Port of Oakland: No congestion here

Written by Marine Log Staff
Aerial view of Port of Oakland

Image: Port of Oaklanf

Officials at the Port of Oakland, Calif., are calling on shipping lines to route more to the port in the middle of supply chain crises elsewhere. The port says its marine terminals are congestion-free and is urging the restoration of shipping services that have bypassed Oakland since summer.

“There’s no congestion at the Oakland seaport, and we’re ready for more business,” said Port of Oakland maritime director Bryan Brandes, yesterday. “We need ocean carriers to reinstate services in order to stabilize the supply chain, and our import and export partners echo this sentiment.”

The port says containerized cargo volume is up 4.2 percent in 2021 but insists there’s capacity for more. That’s in contrast to Southern California ports where up to 70 ships daily wait at anchor for berth space.

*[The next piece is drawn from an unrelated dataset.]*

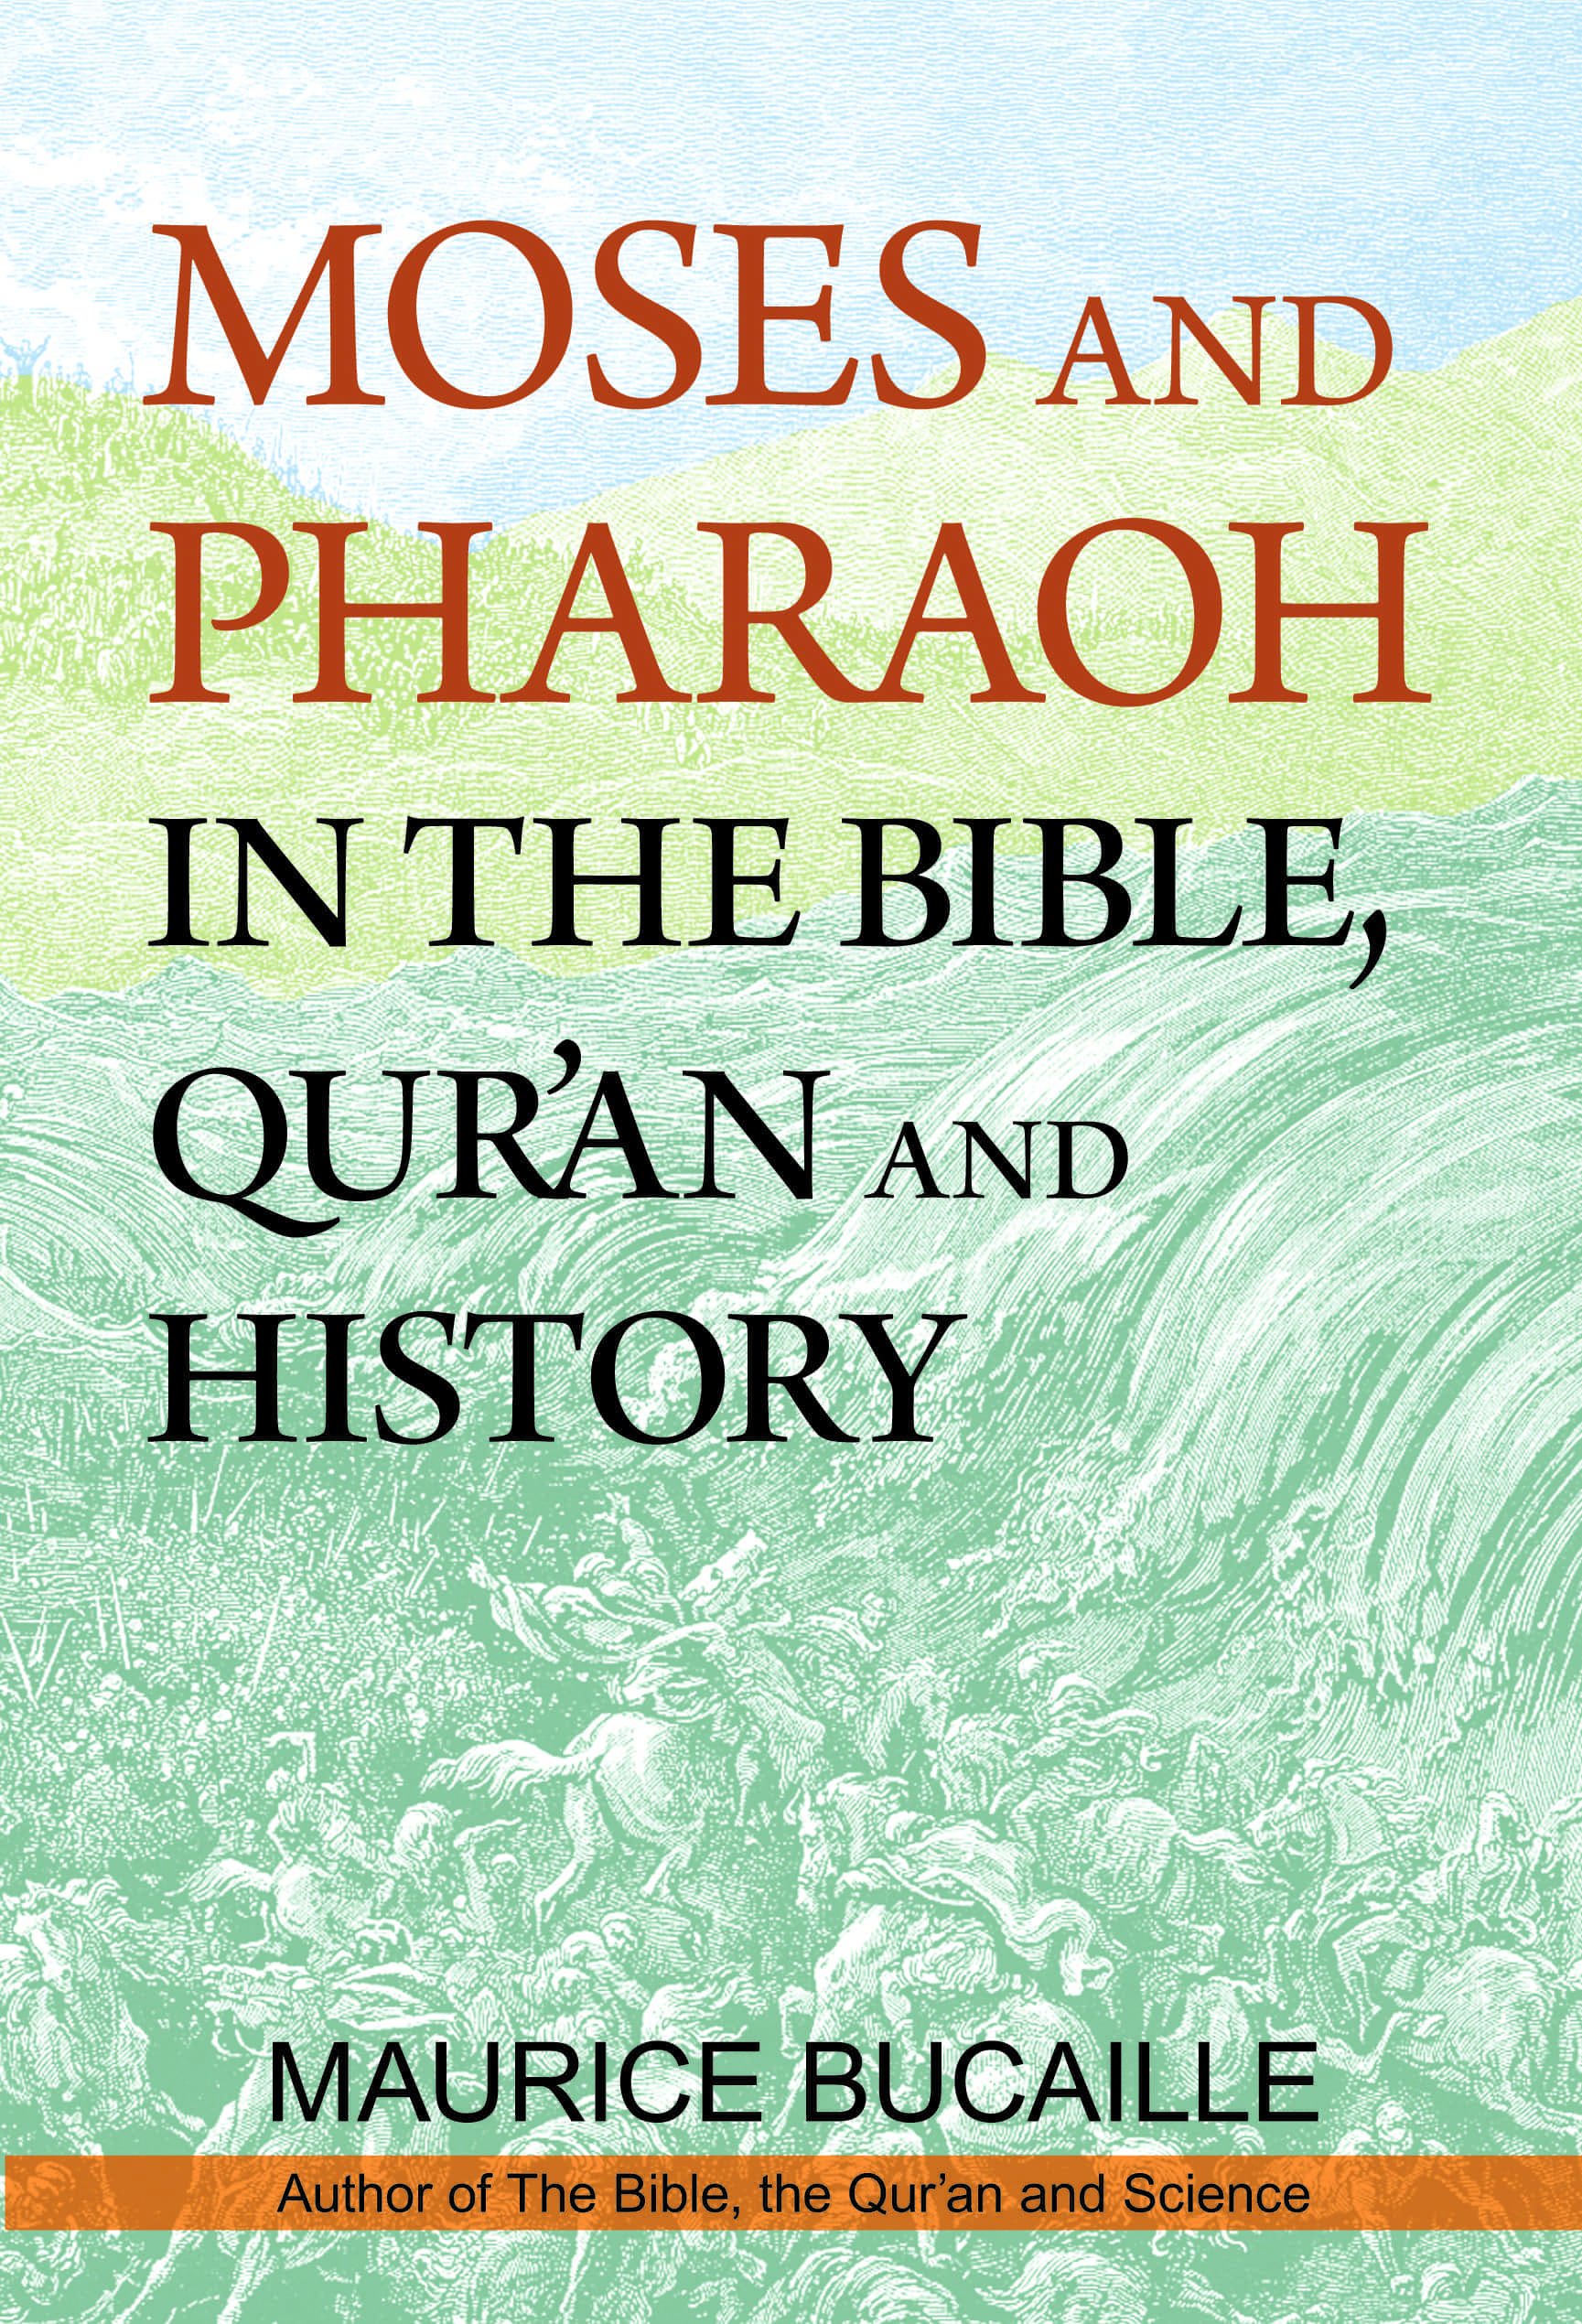 Moses and Pharaoh in the Bible, Qur'an and History

The port said it hasn’t experienced vessel backlogs since August.

Oakland’s call for cargo comes as the U.S. struggles to remedy supply chain gridlock, with ports on the west, gulf and east coasts experiencing major delays in moving cargo.

Oakland said shipping lines can help ease the gridlock by steering ships back to Oakland. Several ocean carriers omitted Oakland in recent months, the port said. It explained that excessive Southern California delays necessitated immediate return of some ships to Asia without stopping in Oakland.

According to the port, 54 vessels stopped in Oakland last month. It was the lowest vessel call total since 2015, the port said. As a result, September import volume declined 13 percent from September 2020, the Port said. Exports were down 18 percent.

The port says it expects service restoration to begin next month as supply chain congestion grinds on elsewhere and that vessels would find clear sailing to berth without gridlock. It adds that import cargo would be available for pick-up within days of discharge from ships.

“We should see vessel calls and cargo volume recover in October and November,” says Brandes. “We have capacity in Oakland that needs to be put to use to help shore up the supply chain and support our economy.”